His blue eyes narrowed upon her, and his words became glacial. “Because the great Cardinal Wolsey came to me himself and ordered me to marry her by command of the king, who had tired of her.”
Carew drained another goblet of wine, then beckoned the steward standing with a large silver flagon behind them. “You see, while the king does play, he knows he must pay. Her father, Sir Thomas Bryan, my friend and now my father-in-law, is too close to our little inner circle not to have made a fuss after the king had her, especially for as long as he did, without her being well married off. Alas, I was available and so duly elected.”
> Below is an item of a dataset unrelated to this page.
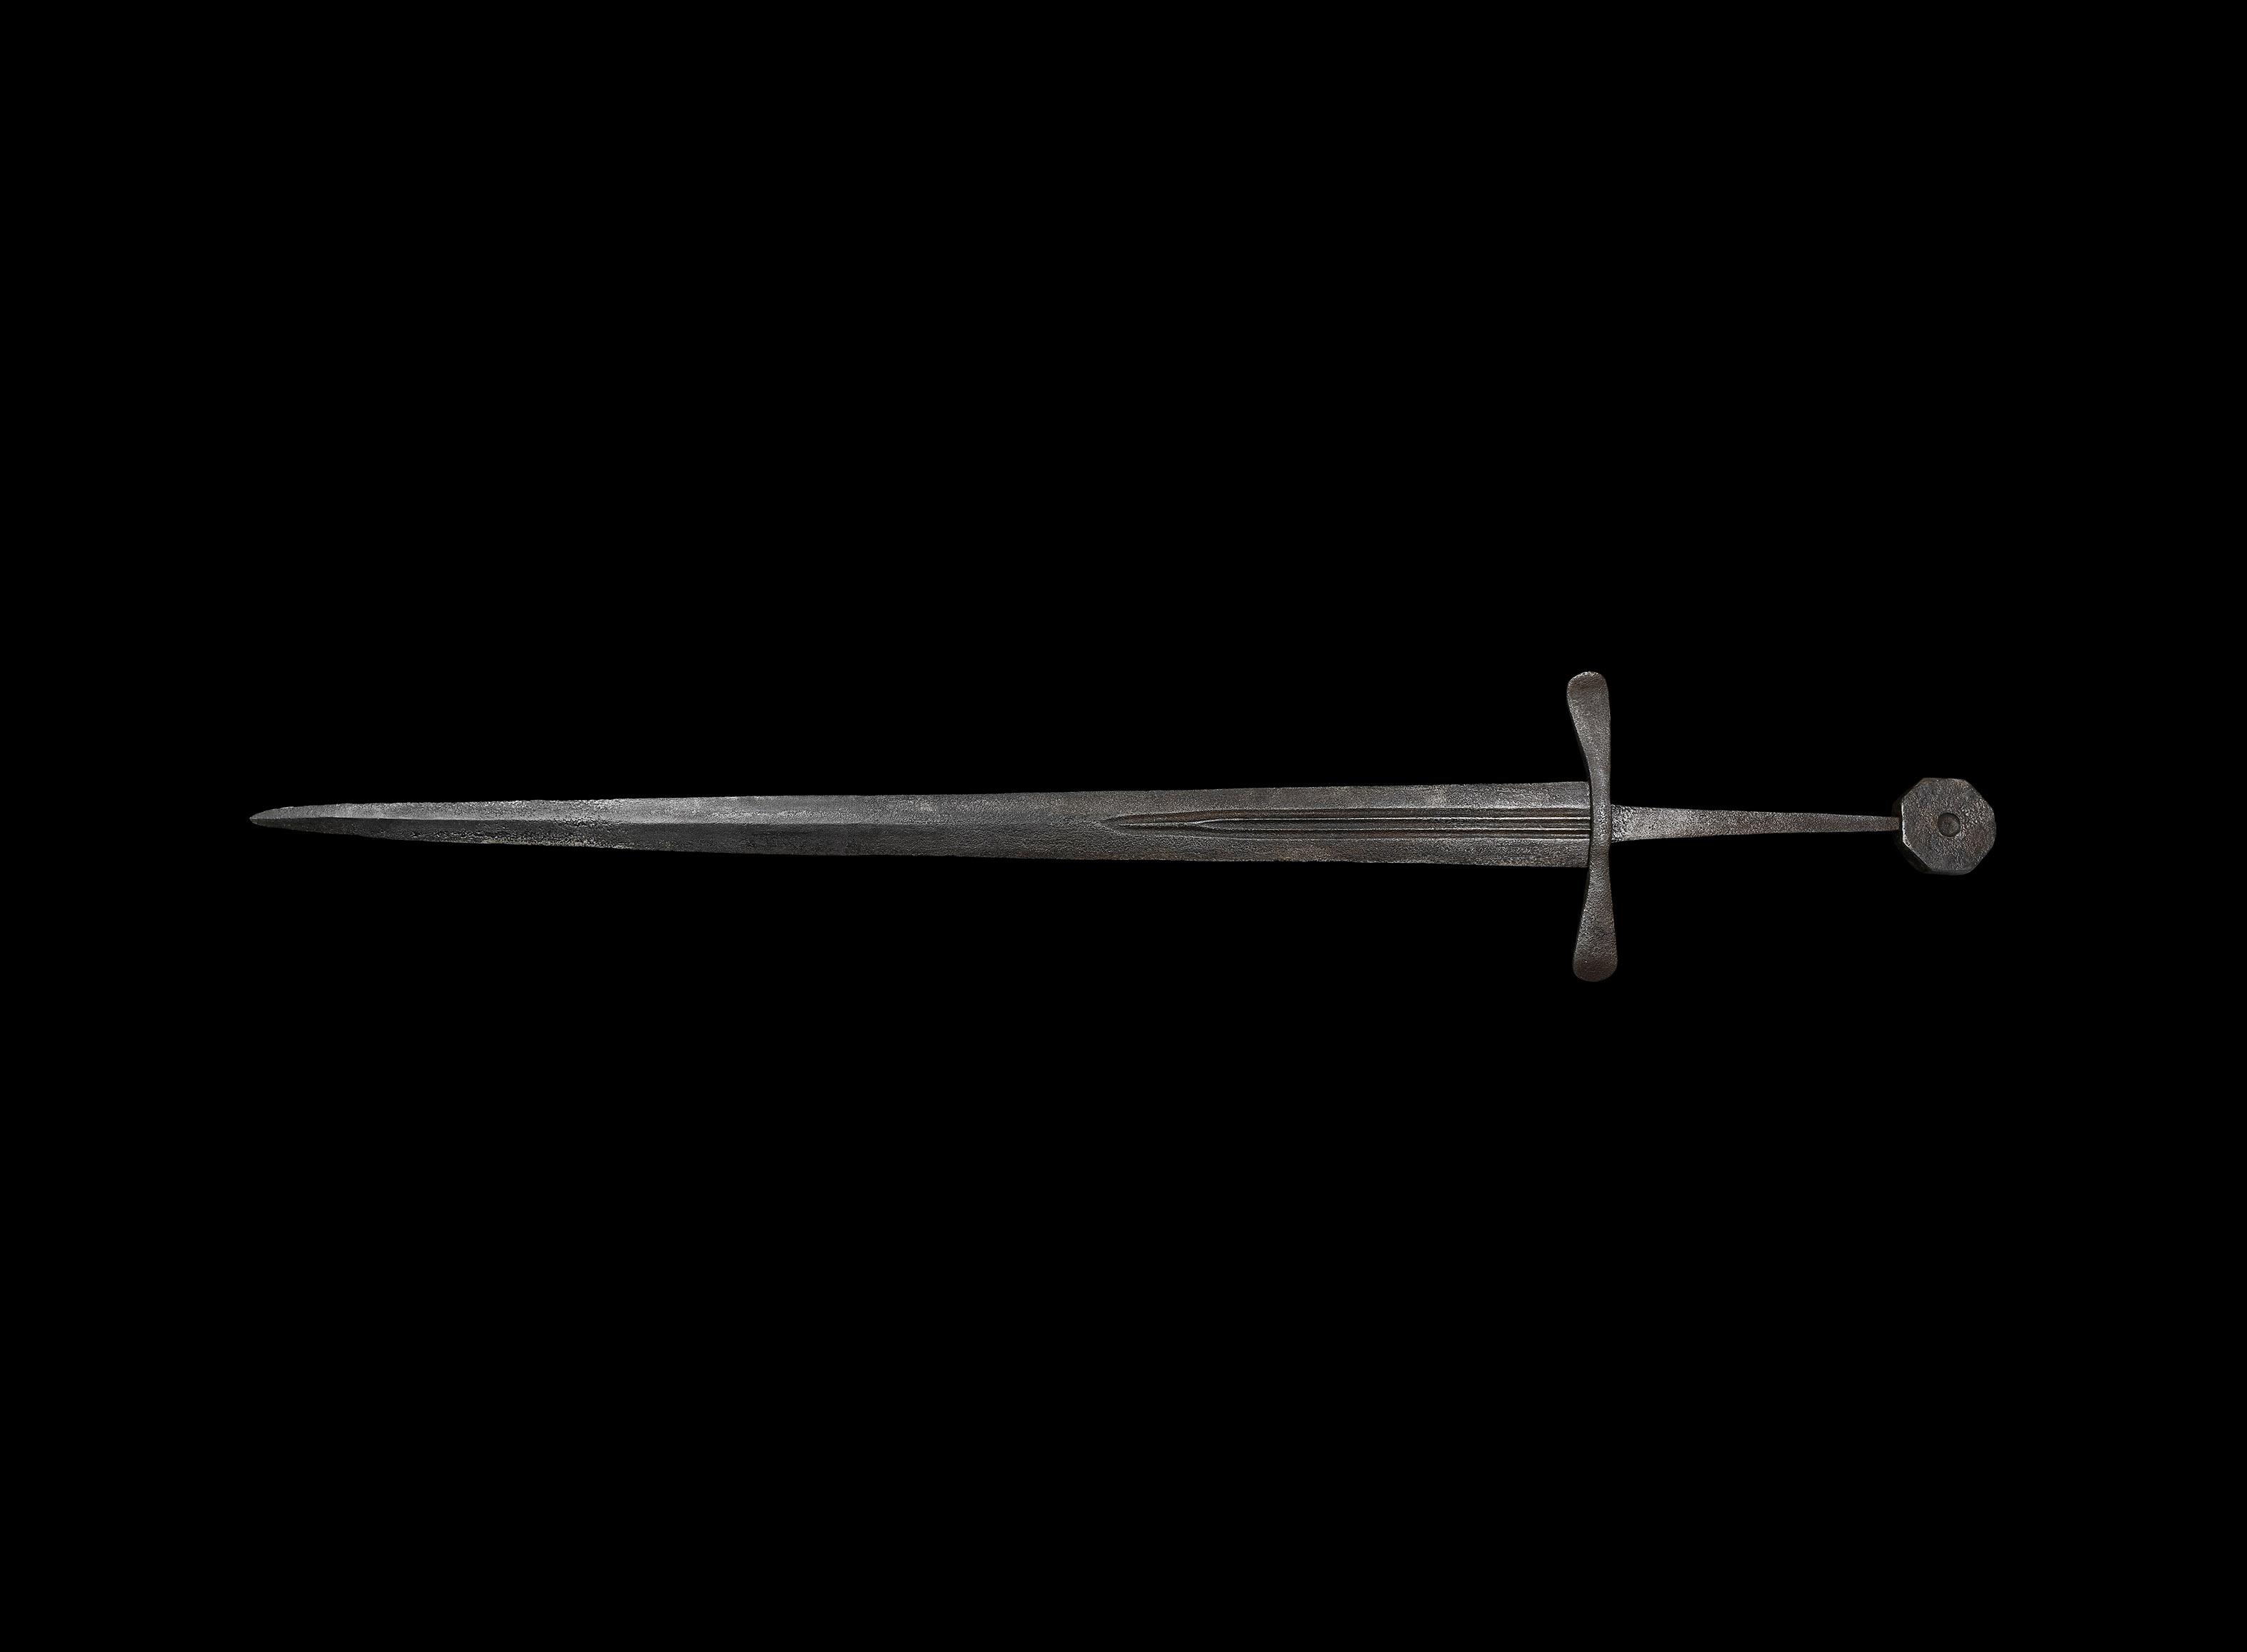 skyrim medieval weapons mod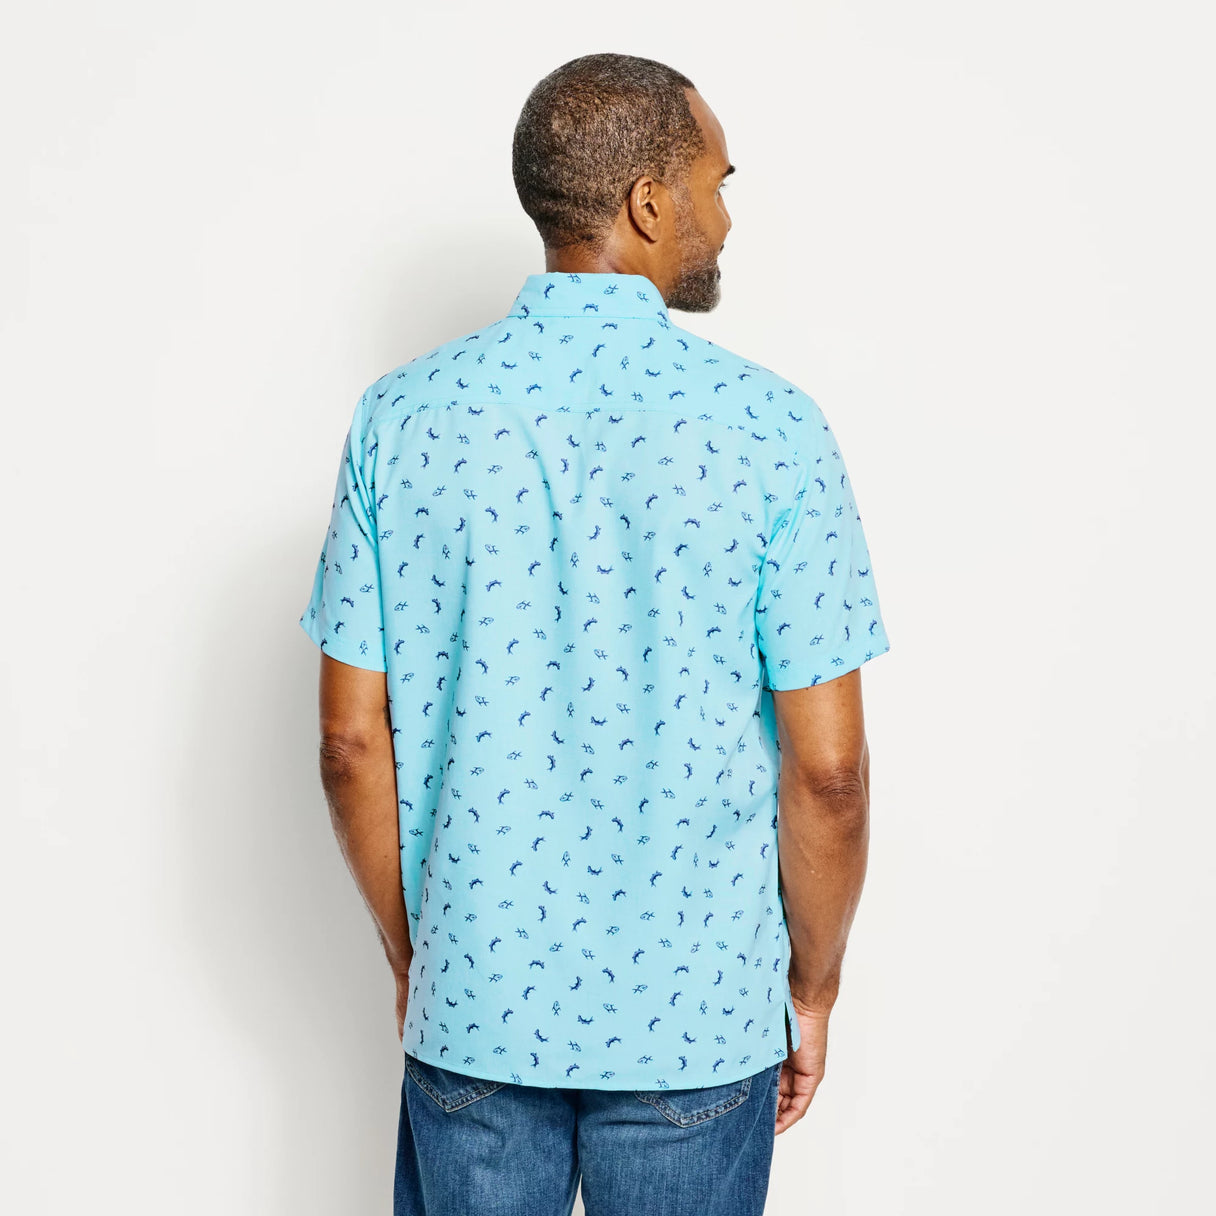 Orvis Tech Chambray Printed Short-Sleeve Shirt - Cloud Blue

She had never heard Nicholas sound so caustic. This was nothing like the carefree Carew she had come to know. Bess’s head was spinning with dark, dreadful thoughts. That it all could have been so calculated, so unbelievably cold . . . Elizabeth and Nicholas were both so young and golden that Bess had always assumed if it had not been quite a love match, it was at least a sound one between them.
All of her assumptions were tumbling down like cards around her. Elizabeth was not the girl Bess had believed she knew so well, and Henry had openly lied to her about having taken mistresses. The thought doubled around in her mind: An occasional lover was one thing, but a mistress—a true lover who had one’s heart and who was steady and constant—was a very different thing.